Today linphone is facing one major problem: its graphical interface. Indeed it is old: it hasn't changed a lot since the beginning of the project. It is gui generated using the glade-2 tool, which is now deprecated, no longer maintained and even no longer distributed in recent distros. This is the reason why the linphone's interface hasn't changed at all since more than one year, despite a lot of enhancements were made on the video processing plane (new codecs, resizing of window, better control of bandwidth usage).
The replacement for the old glade-2 tool is named glade-3, but don't be confused by the name: it 's indeed a very different tool, based on a very different concept: instead of generating source code for the interface, it just generates a xml file to be interpreted by libglade (or later by libgtk itself) at runtime. There is no doubt that this concept is much powerful, and has drastic effects in terms of ease of programming and code maintainance.
But it requires the total rewriting of the glue between the buttons of the linphone engine.

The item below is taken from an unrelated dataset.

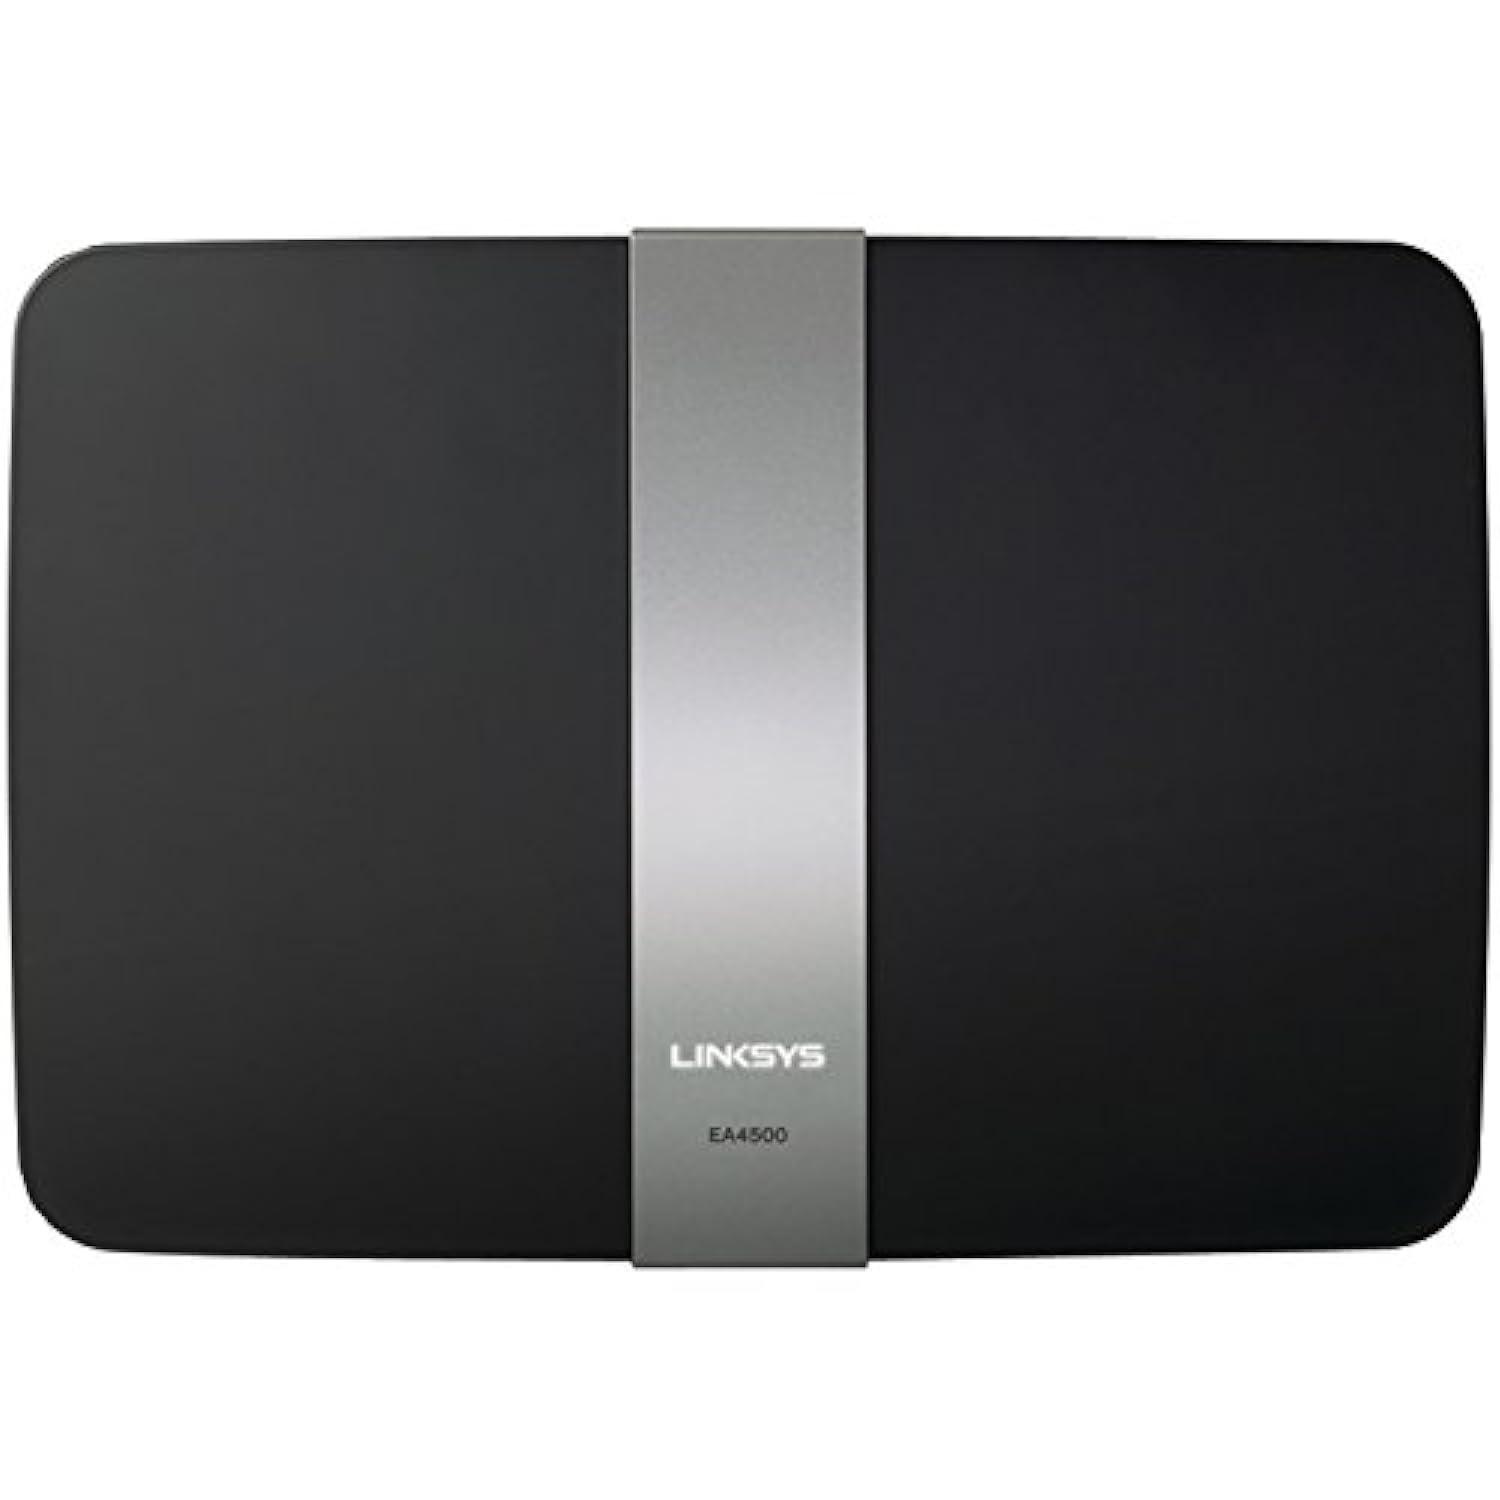 linksys n900 wi-fi wireless dual-band+ router with gigabit & usb ports, smart wi-fi app enabled to control your network from

Anyway as the interface is old and not very user-friendly by some aspects, it was a good idea to restart a new graphical interface.
As of today the cvs tree of linphone holds a new directory "gtk-glade" containing the code and xml files of a new interface, called "linphone-3". CVS users can already try it despite there are still lots of missing features.
It is expected that this new interface also runs on windows, so that we'll have a unique frontend for both OS.
On the media processing side, the cvs HEAD has a new V4Lv2 backend that normally fixes various problems seen with the linux-uvc driver: back screen, protocol error, blinking images, ffmpeg errors...
Also a new video plugin will be released with next version: a H264 video encoder/decoder plugin based on the x264 project and ffmpeg of course. The few tests I've made show a really amazing quality improvement compared to older codecs.